**What to work on**
The response must consist of the lines below from the one with "Alexander Trend Schnürschuhe" through the one with "Muestras color muebles expo13", exactly as they appear and with both ends kept.

**Records supplied**
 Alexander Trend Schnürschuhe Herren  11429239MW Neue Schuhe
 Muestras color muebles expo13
==
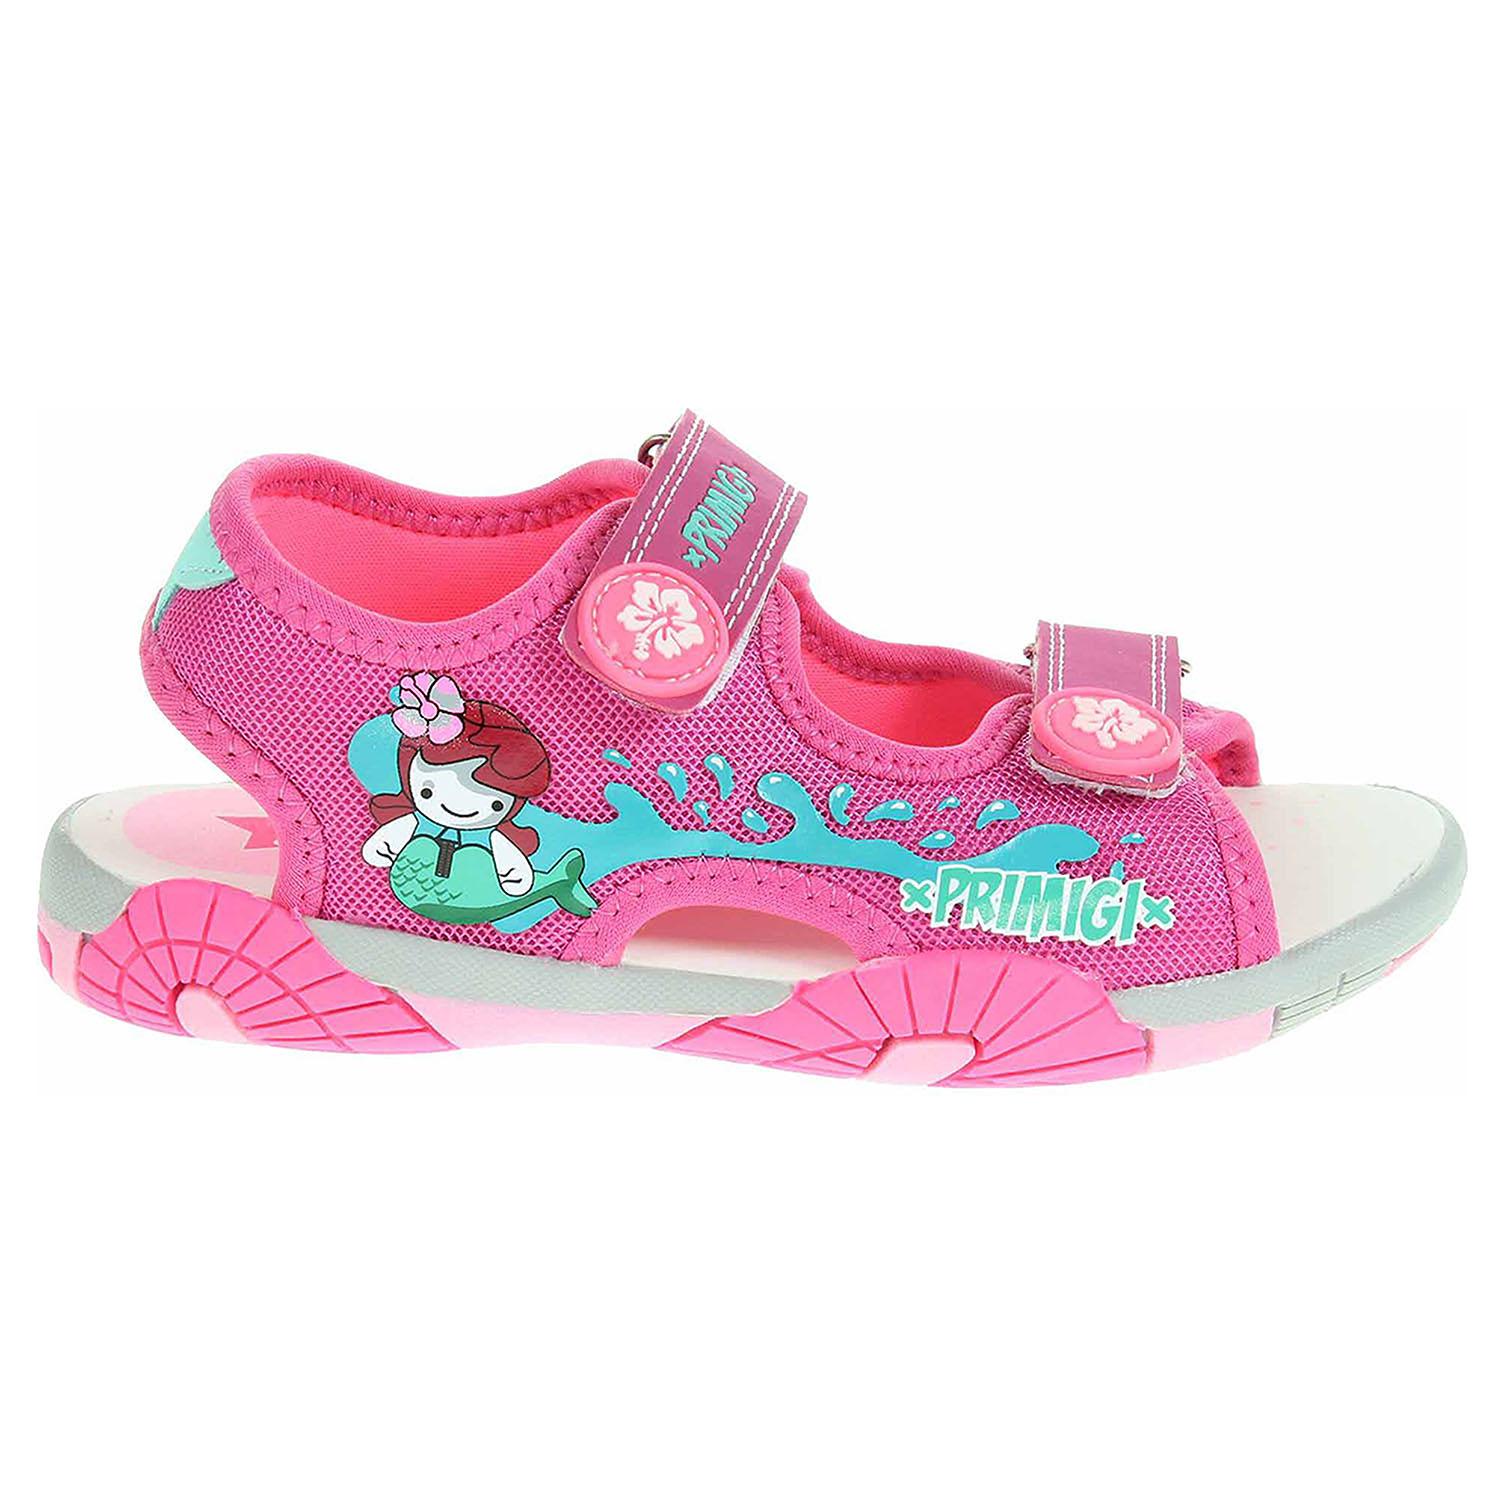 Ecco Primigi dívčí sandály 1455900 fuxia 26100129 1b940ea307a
--
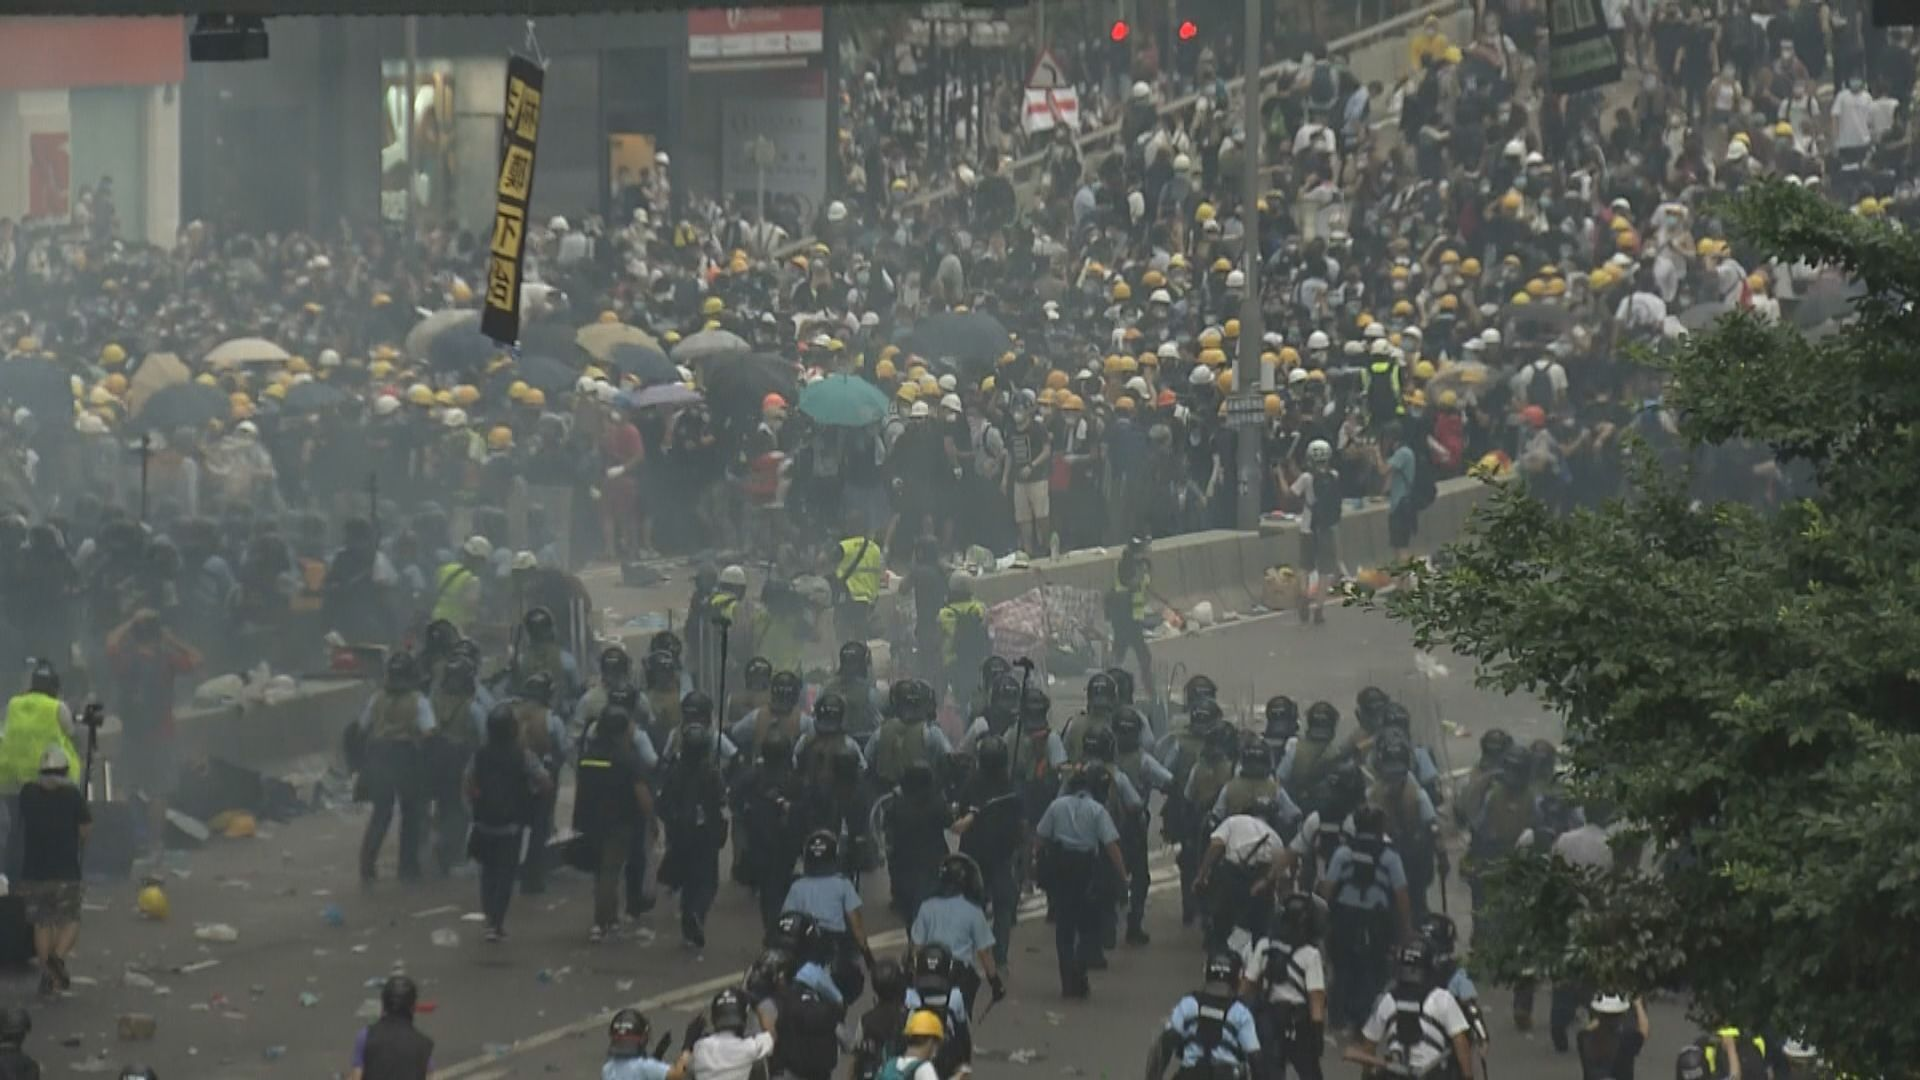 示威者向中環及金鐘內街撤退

**Completed exercise**
 Alexander Trend Schnürschuhe Herren  11429239MW Neue Schuhe
 Muestras color muebles expo13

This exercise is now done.